In der Stille betrat Miles Cunningham, Darts persönlicher Assistent, das Kabuff, stellte einen Becher mit heißem, schwarzem Kaffee auf den Schreibtisch und ging wieder. Dart hatte ihn angewiesen, er solle endlich mit seinen Aufforderungen, es ruhiger anzugehen, aufhören und ihm stattdessen jede Stunde einen frischen Kaffee bringen.

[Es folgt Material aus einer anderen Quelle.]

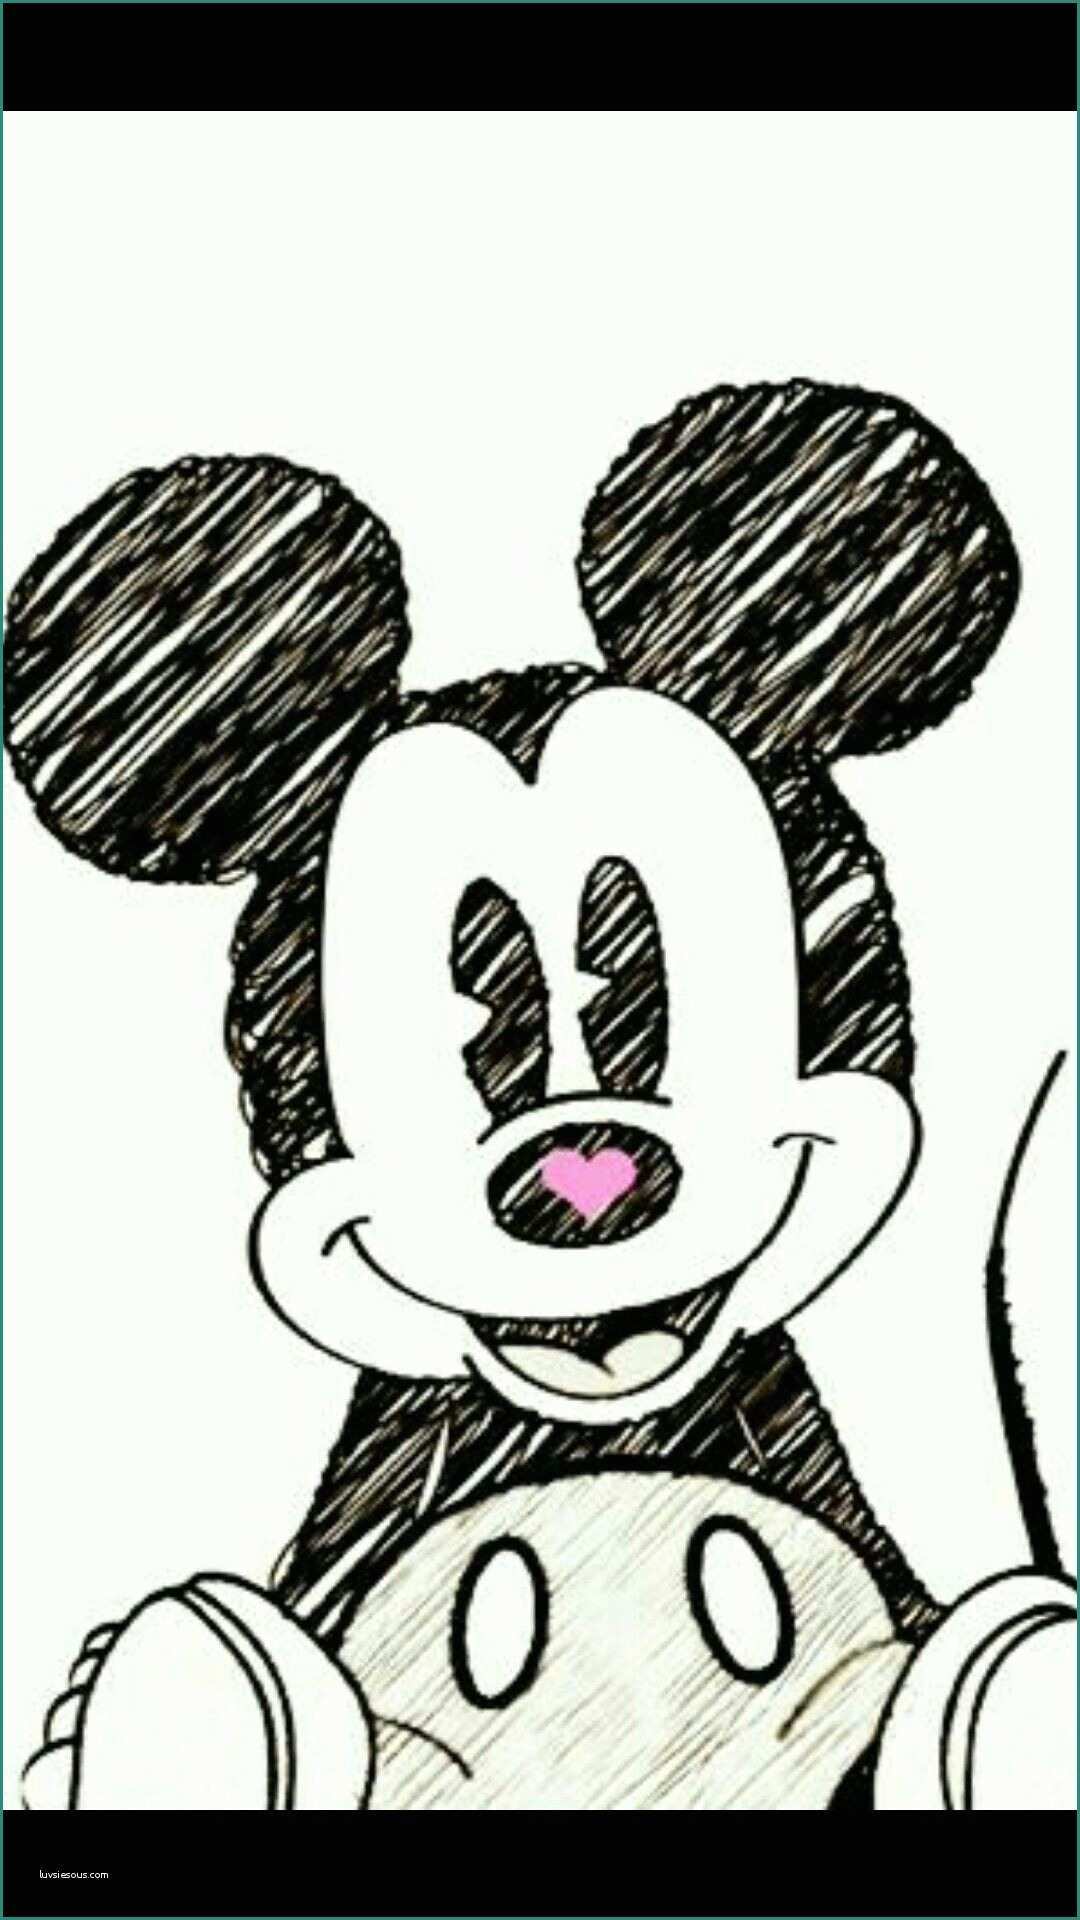 Snoopy Immagini Da Scaricare E Pin Di Karol Ch B Su Mickey Mouse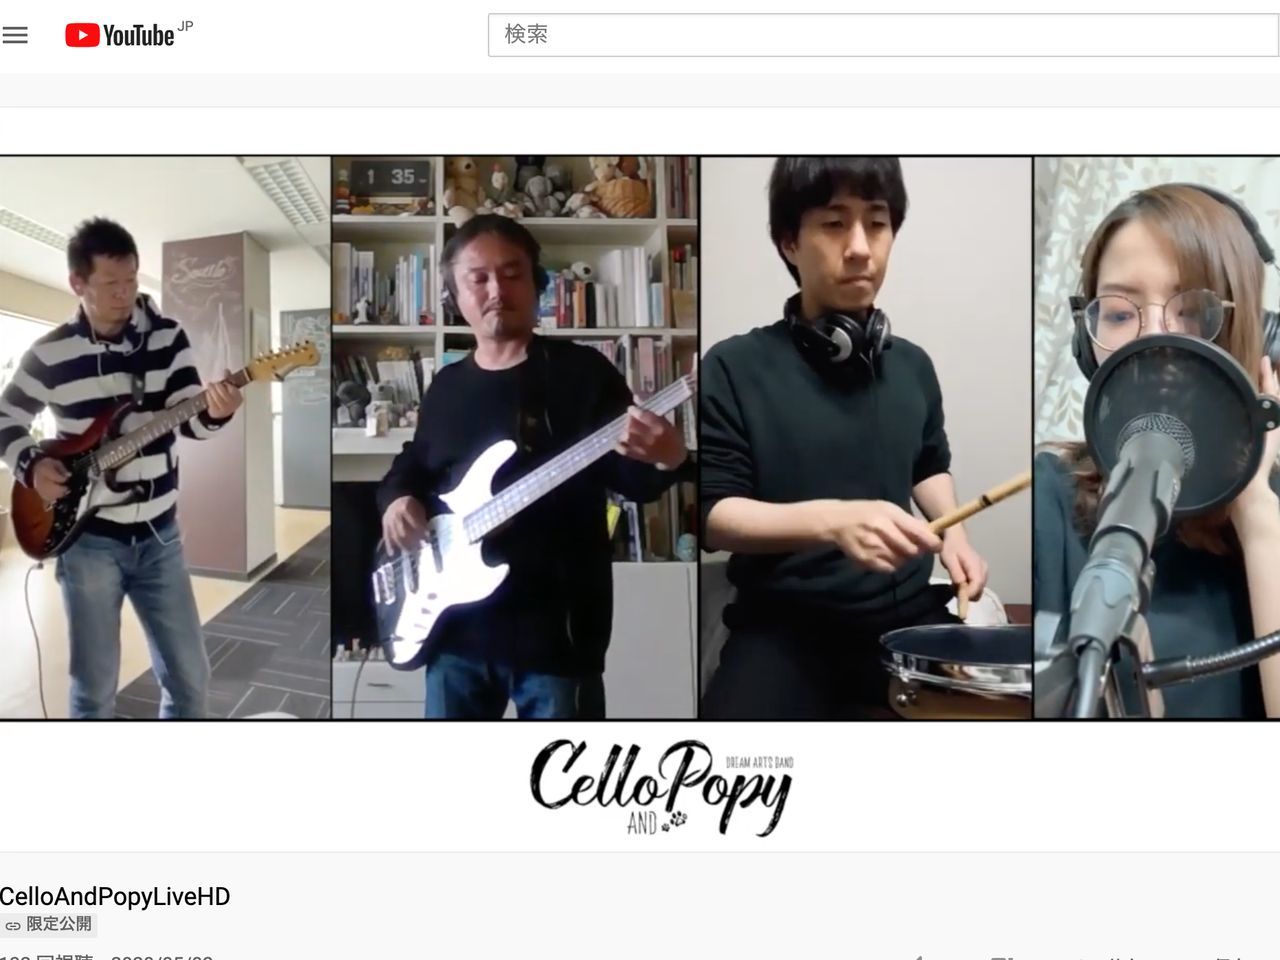 社内で リモートバンドやってみた 動画を制作 協創で脱コロナ疲れを Cnet Japan

Es war heiß in dem Büro, aber Dart trank trotzdem einen großen Schluck; er verbrannte sich dabei fast die Zunge und räusperte sich. »Nicht dass wir uns missverstehen, Agent Millard«, fuhr er fort. »Ich halte Sie nicht für voll verantwortlich. Wie Sie ja bereits andeuteten, leiten Sie die Operationen in New Mexico noch nicht lange. Aber von nun an mache ich Sie für alles verantwortlich, was geschieht.«
»Ja, Sir.«
»Morgen ist N-Day. Jede Stunde, jede Minute, die der Terrorist Gideon Crew weiter auf freiem Fuß ist, erhöht die Bedrohung für uns alle. Ich habe große Zweifel, dass er im Rio Grande ertrunken ist. Er steckt noch immer irgendwo in den Bergen. Ich will, dass sie durchkämmt werden. Von einem Ende zum anderen.«
»Die Suche läuft bereits, Sir, und unsere Leute geben ihr Bestes. Aber das fragliche Gebiet umfasst mehr als fünfzehntausend Quadratkilometer Wildnis und ist darüber hinaus extrem unzugänglich und zerklüftet.«
»Gideon Crew ist auf sich allein gestellt, er hat weder Wasser noch Lebensmittel dabei. Sie verfügen über eine Hundertschaft und eine Hightech-Ausrüstung im Wert von Millionen Dollar. Ich bin nicht an Entschuldigungen interessiert, sondern an Ergebnissen.«
»Ja, Sir. Wir geben alle unser Bestes. Zusätzlich zu den Hunden und den Suchteams am Boden haben wir ein großes Arsenal an Fernerkundungs- und Überwachungsgerät stationiert. Hubschrauber mit Infrarot und Muster-Erkennungs-Computersystemen. Predator-Drohnen, ausgerüstet mit dem neuesten synthetischen Apertur-Radar, das auch Blattwerk durchdringt. Aber auch wenn das nicht gefallen mag, ich muss berichten, dass wir nichts gefunden haben und dass wirklich alles darauf hindeutet, dass Crew und die Frau in dem Fluss ertrunken sind.«
»Haben Sie die Leichen gefunden, Agent Millard?«
»Nein, Sir.«
»Bis Sie das nicht getan haben, möchte ich kein einziges Wort mehr davon hören, dass Crew ertrunken ist.«
»Ja, Sir.«
Dart trank noch einen Schluck Kaffee. »Also, es gibt da noch ein Problem, über das ich mit Ihnen sprechen möchte. Agent Fordyce. Der Mann hat seine Inkompetenz bewiesen, seine Unfähigkeit, Befehle zu befolgen, sowie eine Neigung, auf eigene Faust zu handeln. Mir ist zu Ohren gekommen, dass er ohne Absprache den Sicherheitschef von Los Alamos befragt hat, und zwar ohne jede Befugnis und ohne erforderlichen Partner. Er hat die Befragung nicht mal aufgezeichnet. Wissen Sie, was das bedeutet?«
»Ich glaube schon, Sir.«
»Es bedeutet, dass, was immer er erfahren hat, vor Gericht nutzlos und zu Ermittlungszwecken nicht zu gebrauchen ist. Sollte Novak in irgendeiner Weise damit zu tun haben, sind unsere Chancen, ihn strafrechtlich zu verfolgen, praktisch gleich null.«
»Ich habe Fordyce bereits aus dem aktiven Felddienst entfernt und ihn in die Abteilung R und A versetzt.«
»Ich möchte, dass er suspendiert und aus dieser Ermittlung komplett abgezogen wird. Für mich steht fest, dass der Mann so etwas wie einen Zusammenbruch erlitten hat.«
»Ja, Sir.«
»Ich möchte, dass Sie das in einer Weise erledigen, dass die Innenrevision des FBI sich nicht aufregt. Wir haben sowieso schon genug Scherereien mit dem Federal Bureau. Setzen Sie ihn frei, bezahlt natürlich. Nennen Sie es Urlaub, ohne genaues Rückkehrdatum.«
»Wie Sie wollen, Sir.«
»Finden Sie Crew. Und die Frau. Und um Gottes willen, bringen Sie sie mir lebendig.« Dart legte auf, trank noch einen Schluck Kaffee und starrte wieder aus dem nachtdunklen Fenster.